##### DATA UNDER STUDY #####

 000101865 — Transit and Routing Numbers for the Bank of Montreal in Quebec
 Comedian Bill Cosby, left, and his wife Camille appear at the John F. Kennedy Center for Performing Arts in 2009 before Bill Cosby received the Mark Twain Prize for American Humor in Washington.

#####
##### DATA UNDER STUDY #####

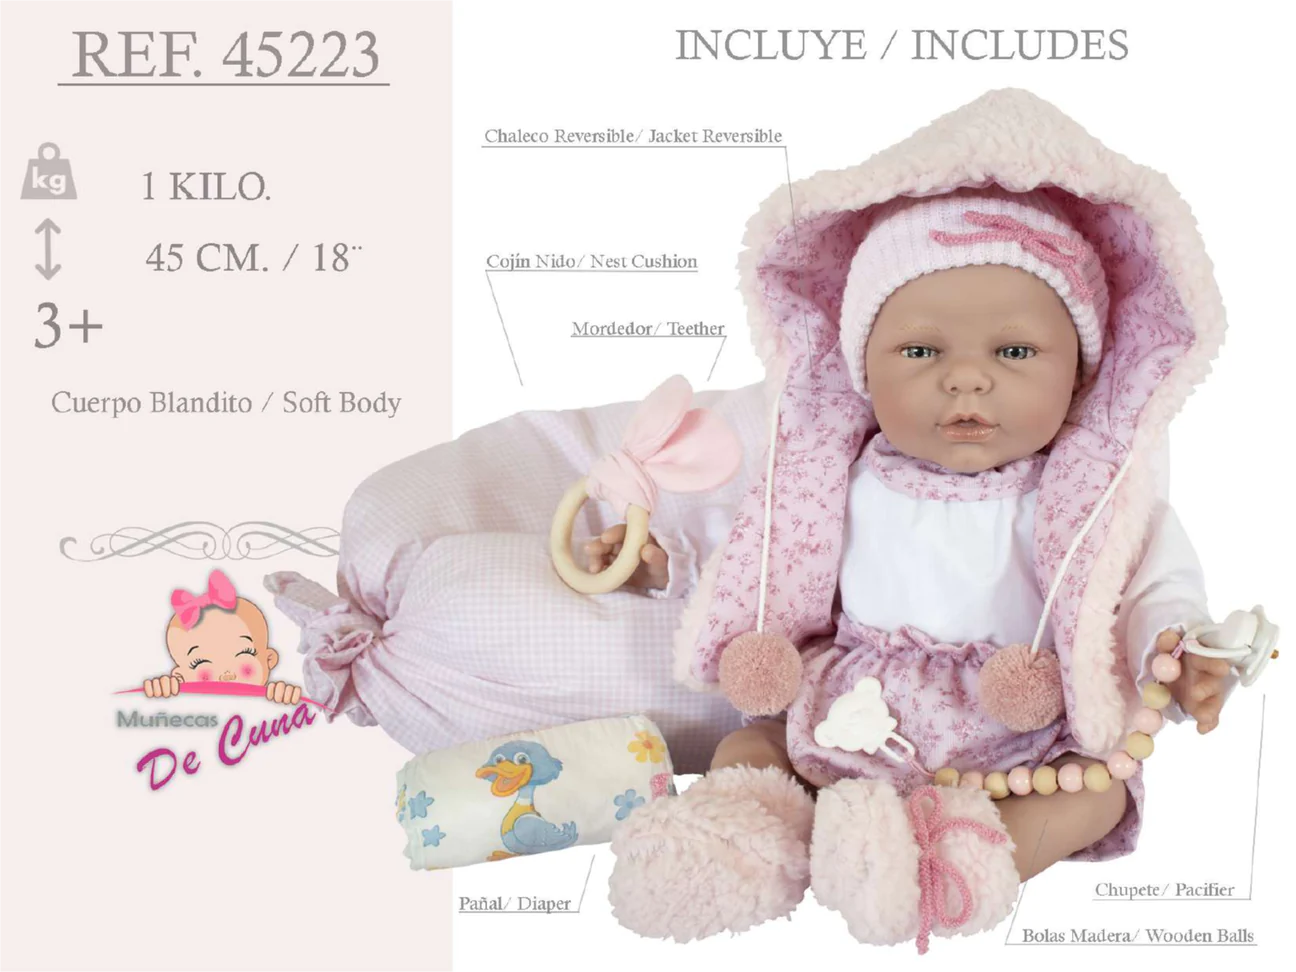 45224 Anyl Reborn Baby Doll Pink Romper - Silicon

#####

> EXERCISE INSTRUCTIONS
In the material above, find the line containing "000101865 — Transit" and the line containing "Comedian Bill Cosby, left, and", then write out exactly those two lines and every line between them, and nothing more.

> OUTPUT FOR THIS EXERCISE
 000101865 — Transit and Routing Numbers for the Bank of Montreal in Quebec
 Comedian Bill Cosby, left, and his wife Camille appear at the John F. Kennedy Center for Performing Arts in 2009 before Bill Cosby received the Mark Twain Prize for American Humor in Washington.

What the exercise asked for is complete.